Harold Ramis’ 1993 existential comedy Groundhog Day has penetrated so deeply into the American cultural conversation that even people who have never seen the movie know what it’s about. Director Robert Schwartzman plays with the conceit of the endless time loop in The Argument, stirring in some misdirection and twists, and the result is a charming comedy that comes close to going off the rails before saving itself.

Zac Stanford’s script centers around the prickly relationship between Jack (Dan Fogler) and Lisa (Emma Bell), a 30-something Los Angeles couple. He’s an insecure writer, she’s a struggling actor, and they’re both on high-alert for any perceived slights about their talent. Jack is also crazed with jealousy over Lisa’s acting counterpart, Paul (Tyler James Williams), and this sets the stage for the central argument which will plunge the couple, along with a house full of uncomfortable guests, into a preposterous exercise in ferreting out the truth.

The set-up echoes such great dinner party films as Le Dîner de Cons and The Cook, the Thief, His Wife and Her Lover. Having gathered a small group of friends at their place after Lisa’s theatrical debut, Jack strives to create the conditions for a public and romantic marriage proposal. However, the unexpected appearance of Paul, his rival, puts the plan in jeopardy. It quickly becomes clear that Jack and Lisa aren’t the only characters consumed with their own neuroses. This is Los Angeles, after all, and everyone has a quirk.

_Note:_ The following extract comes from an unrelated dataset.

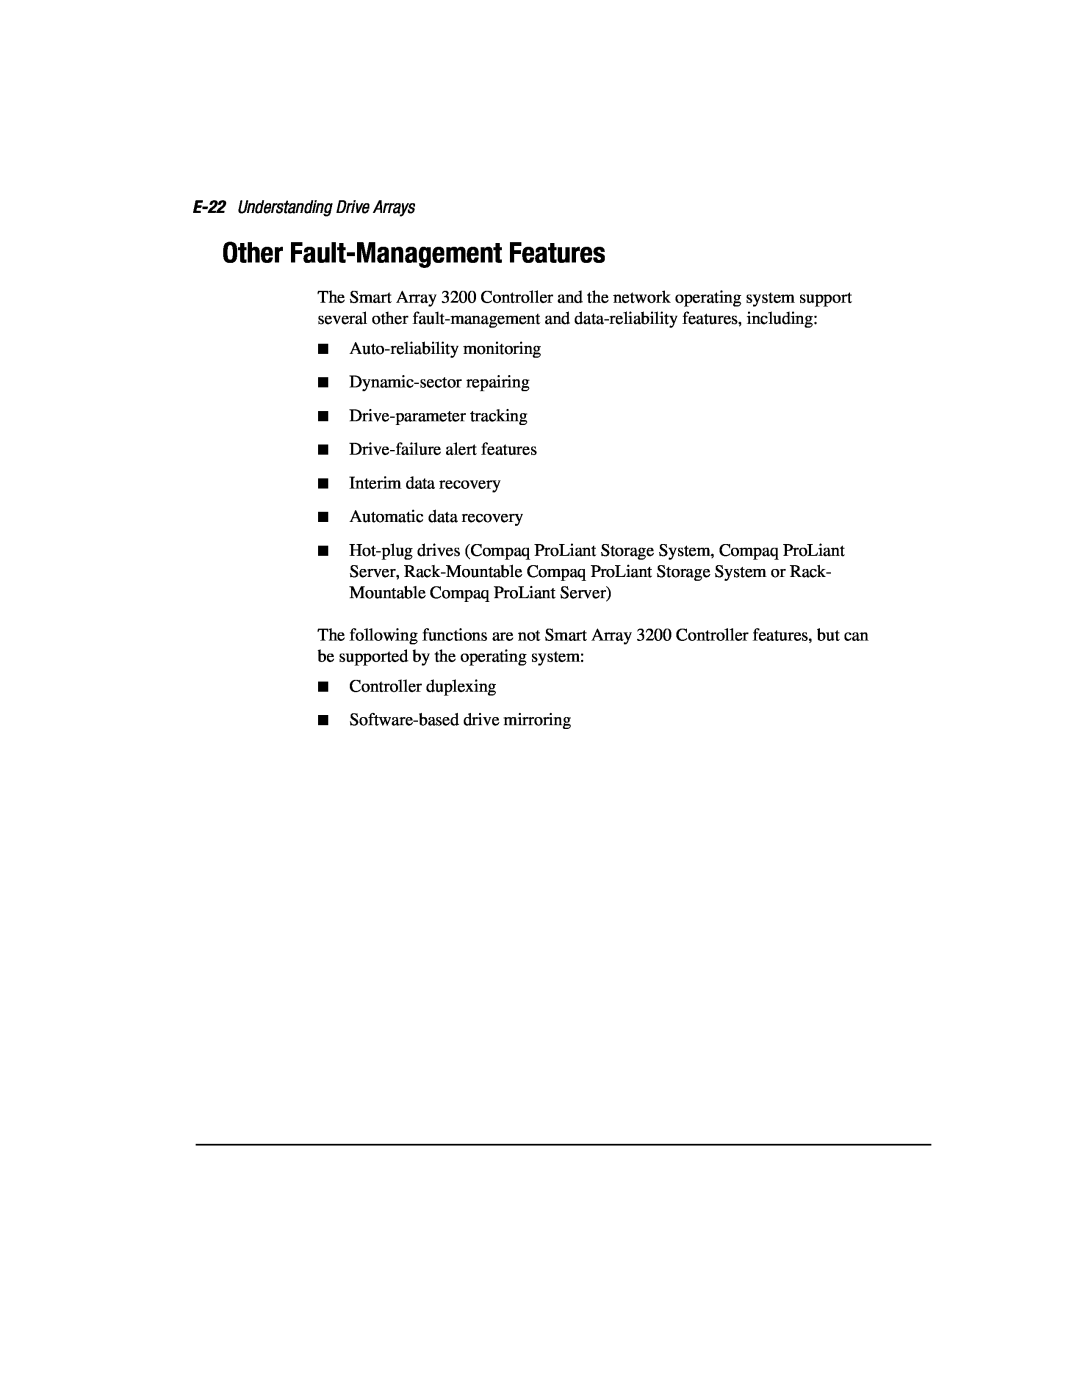 Compaq 3200 manual Other Fault-Management Features, E-22 Understanding Drive Arrays

The ensemble cast plays off one another well, with zipping outbursts and side conversations thrusting individual insecurities into the spotlight. Danny Pudi is a welcome presence, playing a calmer version of his detached weirdo character from the brilliant sit-com “Community.” As Jack’s literary agent, he seems to delight in watching the party devolve purely for entertainment value. His partner, Sarah (Maggie Q), seethes with contempt for the bickering antics of the others. Waiting for her to explode is one of the sly pleasures of the film. Paul and Trina (Cleopatra Coleman) are stewing in their own jealousy issues. The evening ends in disaster, with Jack spiking a freshly-baked pie into the floor and stomping off. It was not an evening anyone would want to revisit.

And yet Jack and Lisa have other ideas. Schwartzman keeps the story chugging along as the couple vows to recreate the evening in order to set things right. That no sane person would agree to return to the scene of the disastrous dinner party doesn’t seem to deter anyone, and yet the very same couples gather the next night–driven, it seems, by their own need to fix things. They proceed to re-enact the half-remembered dialogue and awkward interactions of the night before, inevitably making the same mistakes, compounded with fresh ones. The film gradually accelerates to montage speed, and risks losing its snap, but a fresh angle in the third act shifts the focus and introduces new dimensions of possibility.

The flawed characters are forced to confront their own selves, and that shifts the dynamics. There are some genuinely hilarious moments when hidden truths burst into view, particularly when Paul’s doppelgänger reveals his true self. It’s refreshing that the filmmakers end up treating these neurotic and self-defeating characters with a generous spirit, which inspires the viewer to identify with rather than disdain them. This is no existential time loop like that of Groundhog Day; rather, it’s a riff on the power of self-reflection. Would you want to go to a dinner party with yourself?

A charming comedy that comes close to going off the rails before saving itself.